The pandemic is causing a total and necessary rewiring of the industry. I think the way consumers think about their wardrobes is going to drive a lot of the change — that and designers who are finally responding to the tireless demand that’s been placed on them to work at break-neck speed to keep up with the fashion calendar. I think it will be interesting to see what the lasting consumer response is, but it does definitely feel like we’re seeing a change in more mindful consumption, thoughtful shopping, and finally vetting the brands we purchase from. I hope that means the production cycle will change overall and the emphasis will be on quality goods, ethical conditions and fair wages for workers, DTC brands, and sustainability.
Apart from supporting our community of women single parents, this year we’ve established a special fund for them where our customers donate to support the growth of their businesses. What are the initiatives closest to your heart that are both educational and beneficial and are worth supporting during these challenging times?
I have always been inspired by the work of Tipping Point here in the Bay Area. They fund organizations that work directly with the homeless to offer both immediate relief around crises, and to support long term change through education, housing, and employment. I’ve been incredibly fortunate to hear from some of the individuals who have, through Tipping Point’s portfolio companies and nonprofits, transitioned out of poverty, and I’ve been profoundly moved by their stories. When we’re all facing a crisis, the homeless are the most vulnerable. We have to do what we can to help the people who don’t have the resources to care for themselves.
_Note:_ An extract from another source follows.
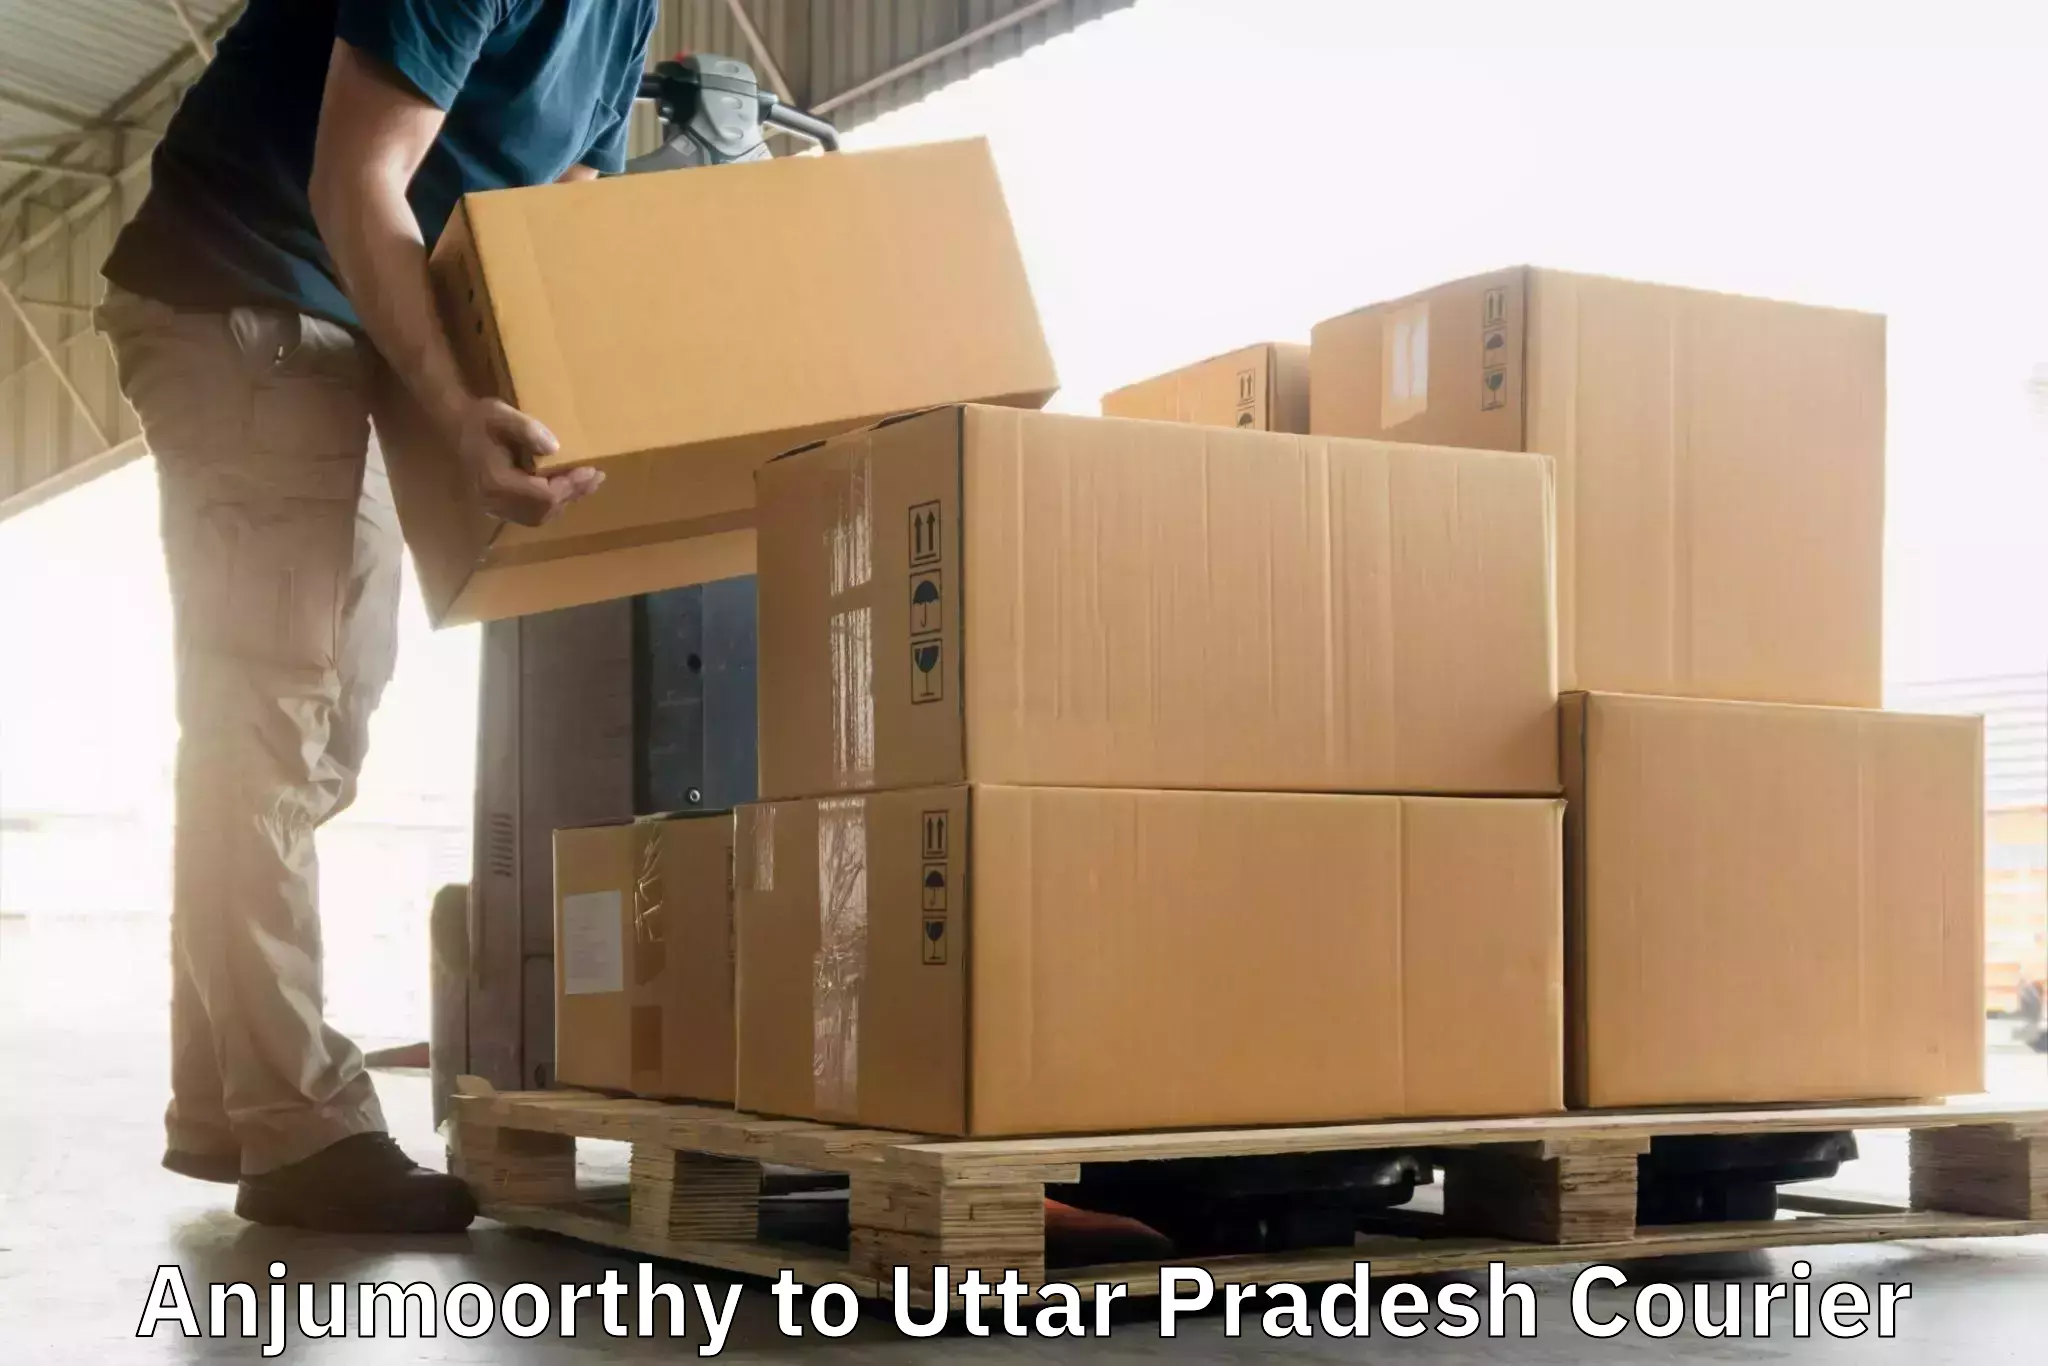 Cargo delivery service Anjumoorthy to Anpara

Biggest failure/setback in life and what you’ve learnt from it?
As I mentioned, I started in PR as an intern and knew the job wasn’t right for me. Still, when I didn’t get hired full time after my 6 month internship ended, as lots of the other interns did, I was crushed. Even if it wasn’t what I wanted to be doing, the end of it felt like such a blow. I was so afraid of being unemployed and without a purpose. I really had to get comfortable with being uncomfortable, job search, and figure out my next move while living across the country from my family and on my own for the first time. It was an important exercise in self-discovery and in building confidence, and a reminder that your job doesn’t define you — a failure or a setback professionally is not who you are.
Books that changed your life
The Glass Castle by Jeannette Walls and Between the World and Me by Ta-Nehisi Coates. Both books have stayed with me, for very different reasons.